All are from Orange County, except Marwah who is from Sumter County.


“Being a delegate means you represent the interest and preference of the voters of your district,” Hellebrand, who lived in Ocoee for 24 years before moving to Oakland last August,  said in a phone interview. Hellebrand advocates for the LGBTQ+ community and said “every election is important for me.” He said part of a delegate's job is to represent all members of the community, including those in marginalized and underrepresented groups. He became a delegate to promote civic engagement and “make sure voters’ voices are heard through the convention.”


Delegates play a substantial part  in politics yet their role is not well understood outside of political circles.


“So many people don’t even know delegates exist,” said Hellebrand. “I think it is so important for people to understand their local politics as well as national politics.”


Each political party has delegates, and registered voters affiliated with a party — Republican, Democrat, Green, Libertarian – can select delegates for their party. The number of Democratic voters in a district determines the number of delegates a district will have, according to Samuel Vilchez Santiago, chair of the Orange County Democratic Party.


People with similar community goals can also come together to create slates of delegate candidates, like the one formed by McGill, Blackmon, Hellebrand, King and Marwah. Their slate was formed to nominate President Joe Biden and Vice President Kamala Harris for another term, explained Dr. Jim Moyer, community advocate and chair of Ocoee’s Human Relations Diversity Board, who turned out Saturday to support King. Moyer is hoping to be elected by the district delegates as one of Florida’s 49 at-large delegates. That election takes place June 1.


Since the Florida Democratic Party declared Biden the winner of the Florida Primary, all Florida delegates are pledged to support Biden at the convention.


Once chosen, delegates meet with party leaders, vote on the party rules and platform and assist in nominating the presidential candidate. For Hellebrand, this fulfills a childhood dream.


“President Joe Biden has been a political hero of mine for as long as I can remember,” he said.


McGill described the delegate’s role as one where “people from all over the country have an opportunity to be heard.” As a Biden delegate for CD-10 in 2020, McGill understands the duties and responsibilities. “We work to represent everyone — not just one group,” he said. “It is critical to have a representative slate of candidates.”


This year, their slate is a diverse mix of women and men, Black, Brown and White, gay and straight.


Delegates also work to involve people in the district in the political process. Hellebrand said this involves attending meetings for Democratic groups, networking with members of the community and explaining the delegate process to voters.


Blackmon, for whom serving as a delegate is akin to having a front row seat to history, said many voters don’t understand that every vote matters. “It’s not just about the presidential election,” she said. “Local politics has the most impact on our day-to-day lives.” She added that many people don’t know their representatives or congresspeople, even though they make direct decisions that affect them and their surrounding area. Her goal, along with other candidates, is to amplify the importance of every single vote and election.

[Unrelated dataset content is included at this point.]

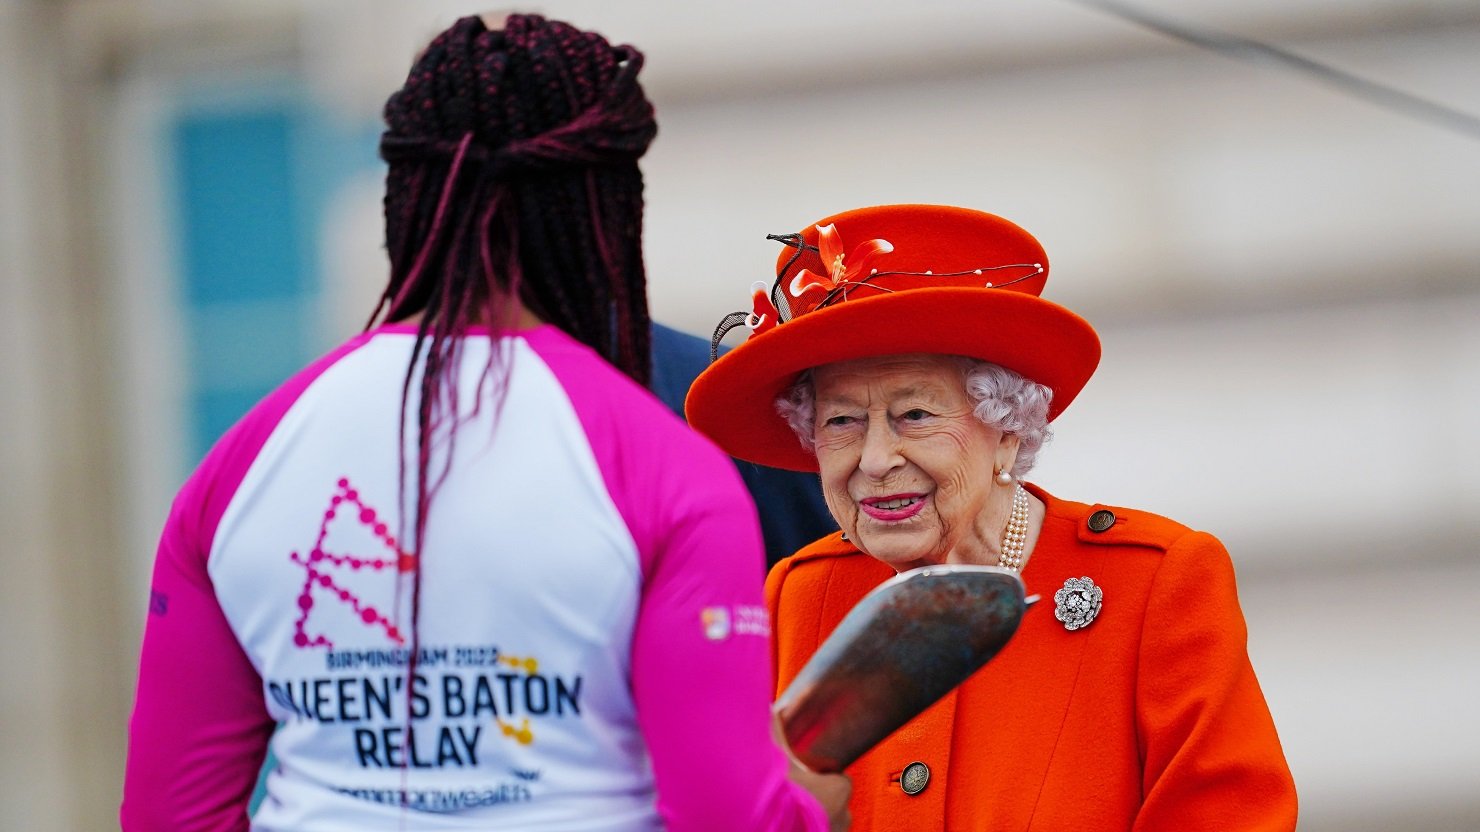 A girl receiving the Baton from the Queen

This becomes particularly important since all vote-by-mail requests were purged after the 2022 election. Requests to vote by mail must now be made for each federal election cycle. Many voters may not be aware that their mail ballot requests have expired and must be renewed.


Hellebrand is also pushing the message that every vote counts. He explained that he tries to draw younger voters into the political action. “Knowing that voting for delegates can affect the outcome of an election is important,” he said.


Blackmon believes that people do care about politics but that competing priorities, like work and family life, are vying for their attention. Plus, an element of political fatigue has settled in. She thinks people are “turning the volume down and taking a step back” from politics” because they’re “disillusioned with the process.”